My "call" on ARQL wasn't particularly good. It has just happened to work out pricewise just like your trading has just happened to work out the way it has. I submit to you that how your various plays got to where they did had nothing to do with why you took the position in the first place. A bull market makes everyone look good and forgives exceedingly poor investment choices. Probably ENMD was the best example of this and is the strongest proof to date that the bull market is over. ENMD has nothing. They are a completely technologically bankrupt operation. Another testament to the heights of pseudo-science to which our society has climbed.

ARQL didn't go down because the investment community perceives my reasons for selling are valid. There is absolutely no one who agrees with my assessment. However, there ia a paucity of buying interest that is subtly based on what I've said. The clock is ticking and the institutional clients of H&Q won't wait much longer.

Whatever the time I don't like companies that represent themselves as a "win-win" play. There is no such thing and it amazes me that old pros with decades of experience can still buy into that sales line. You have to ask yourself what added value is this company delivering. What skill and hard work are they coordinating to achieve innovative solutions? If there really was that going on, wouldn't the pharmas just buy them? You don't buy what is risky and doesn't provide added value. You don't buy one pop of added value because the company finds one good synthetic when your competitor can take the synthetic and reverse engineer it into an effective equivalent variant. That's why the pharmas are willing to concede the 50%. 50% of not much expected is, not much.
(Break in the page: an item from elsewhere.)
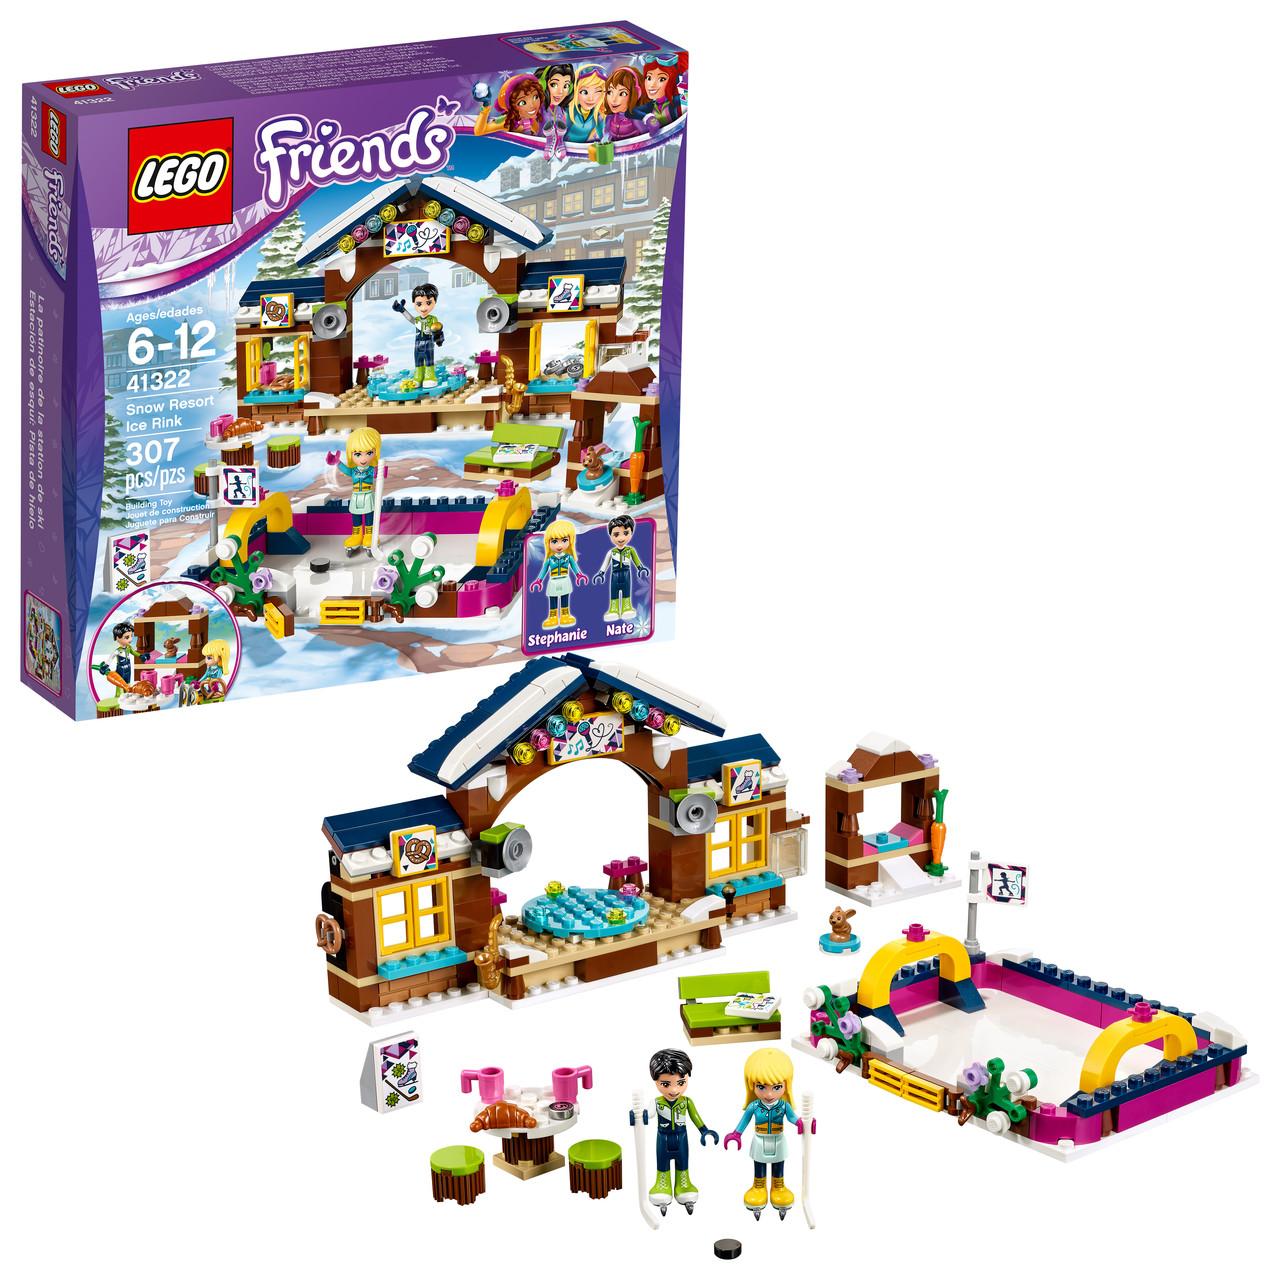 Lego 41322 Горнолыжный курорт: Каток  Snow Resort Ice Rink Лего френдс Хартлейк-Сіті

All of the names you mention are being propped up by the waning days of the bull market. None are justified in trading for the valuations they have. I don't have to explain why, you can do that for me. But if you make an argument based on relative valuation, you can't do it for either of us. That game ended last summer and fall. The new game is called bear market. At least 1/3 of NYSE listeds are in it. In the beginning phases of a bear market, all biotechs must be avoided. If the free market raises rates and the FED doesn't interfere, suddenly all those dedicated to the long term institutions will take a hard look at speculations and conclude only one thing: SELL. The view that ARQL is cheap at 15 won't sway the heard as they find their way to the tunnel.
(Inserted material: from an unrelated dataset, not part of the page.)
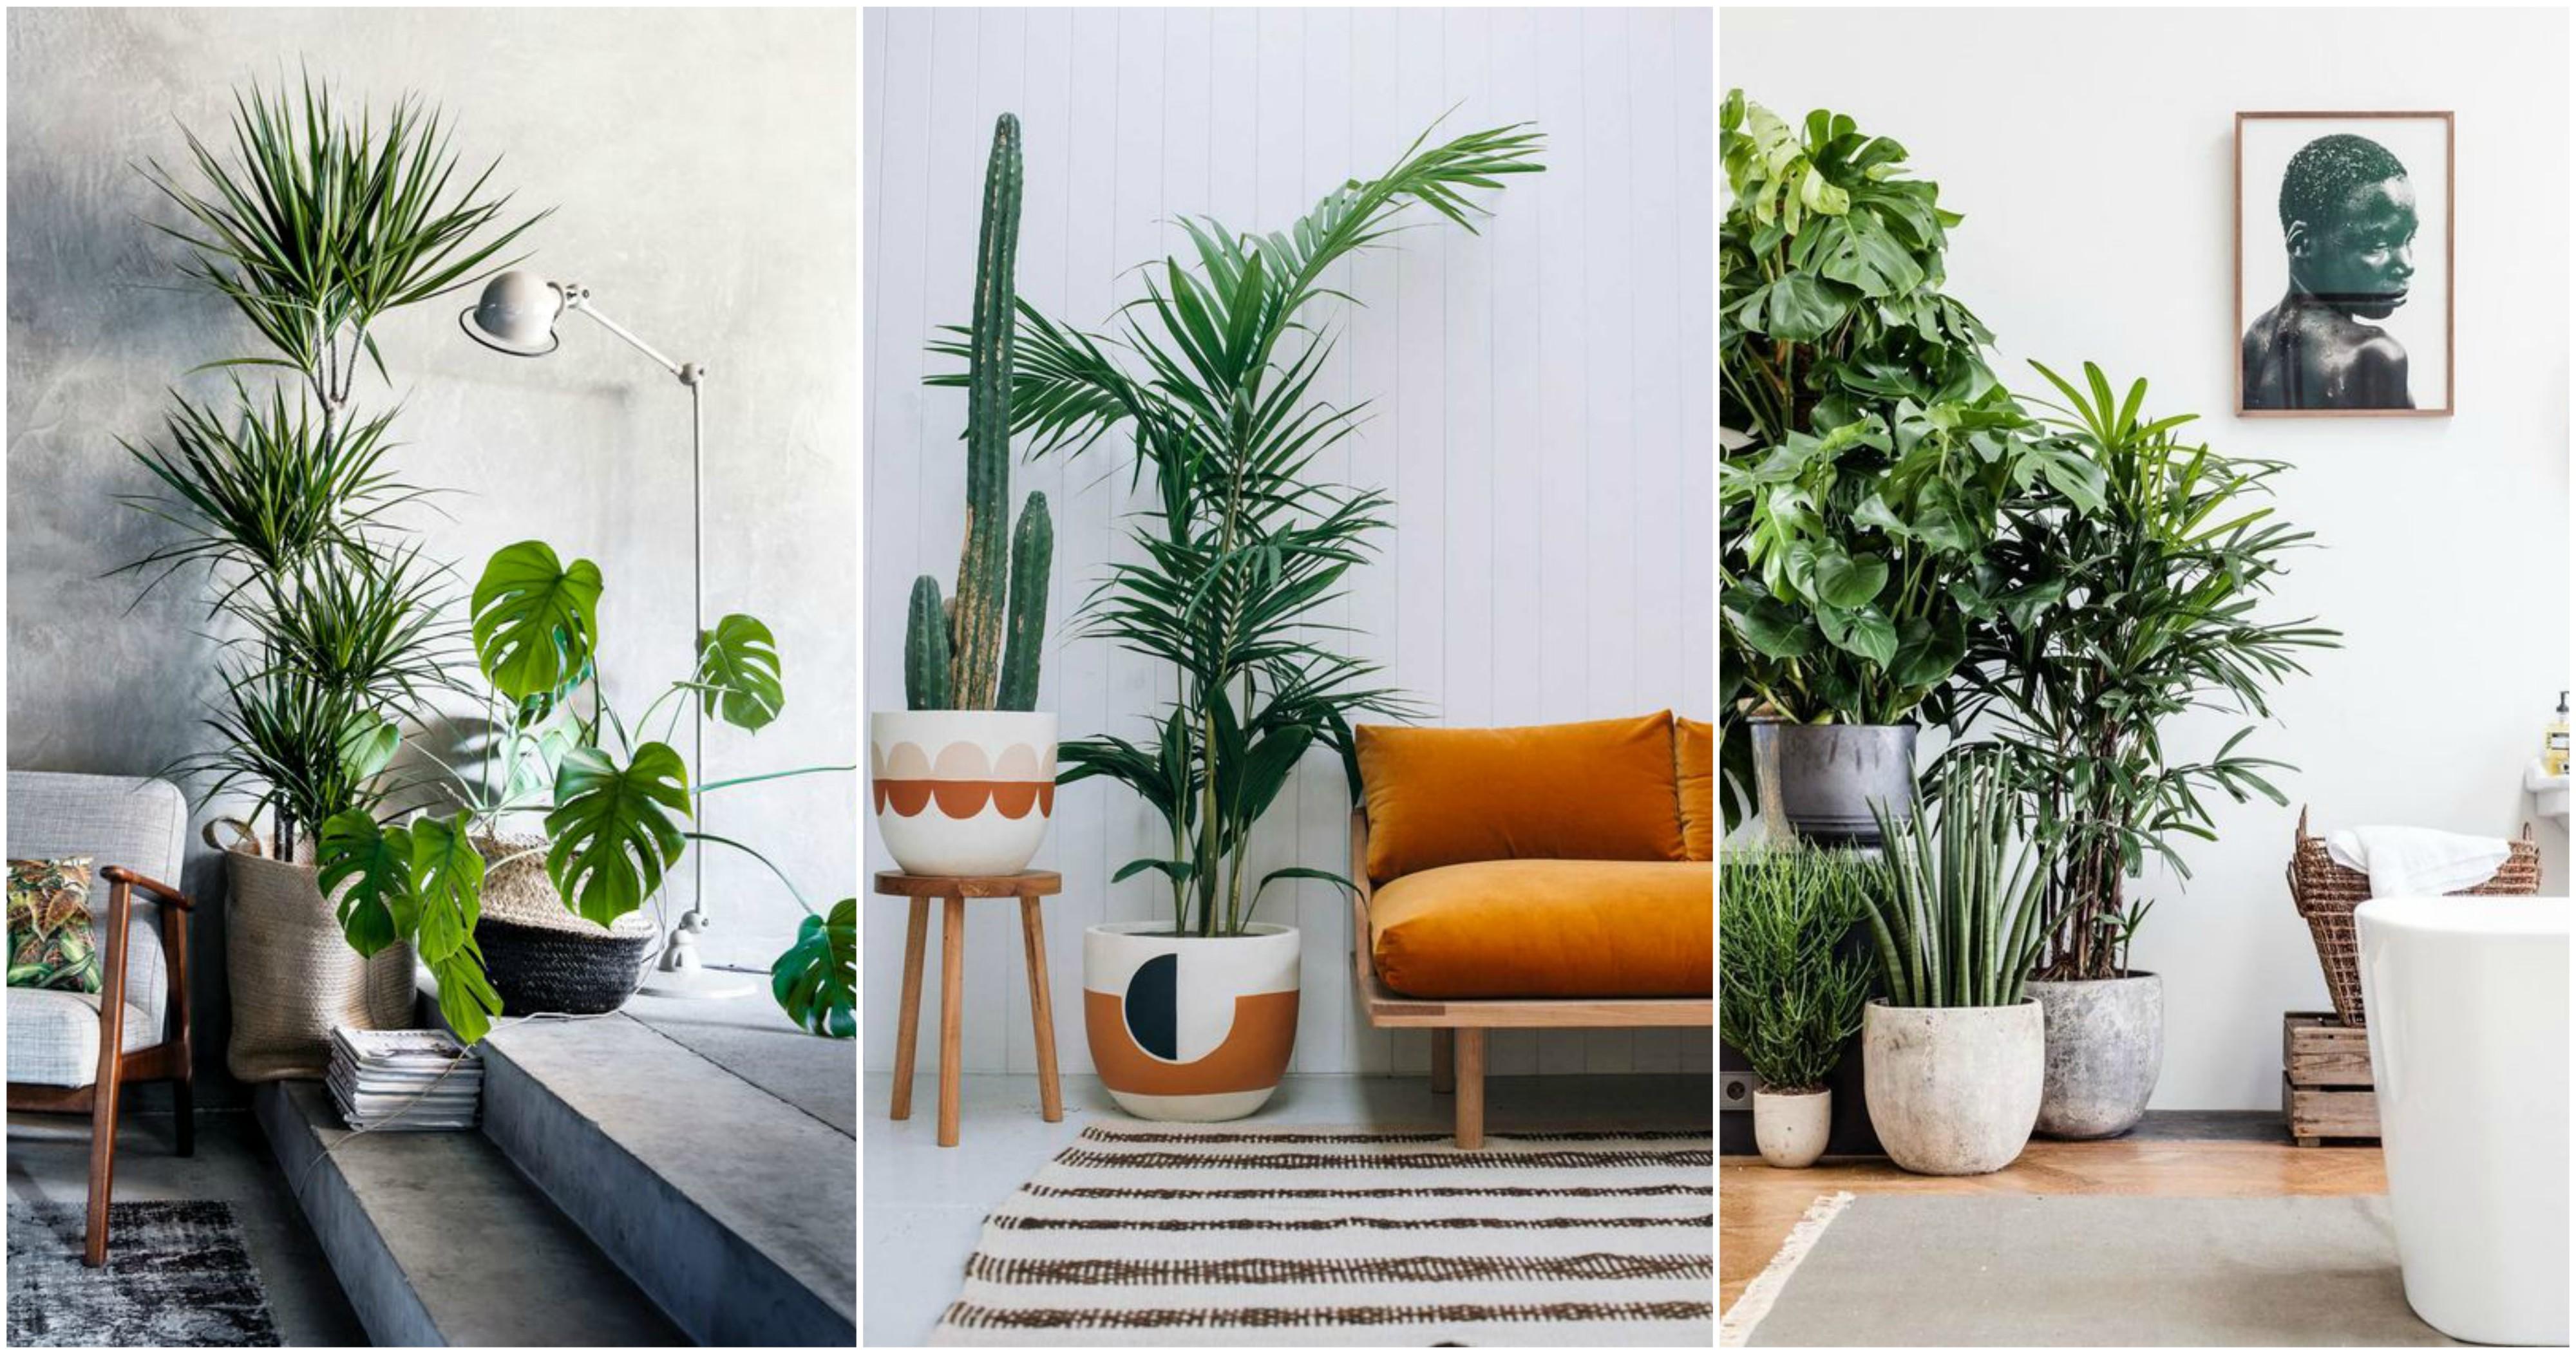 5x kamerplanten die weinig water nodig hebben homedeal nl for Grote kamerplanten

There is going to be a major swing back into hard assets for several years. I will let the market tell me after that period is over where to place new money. I have no idea where that might be now. I was tutored by an old pro who also knows H&Q inside out that the first responsibility of a money manager is to preserve capital. I haven't heard anyone say that in 15 years, but I always thought it was the best lesson he ever gave me.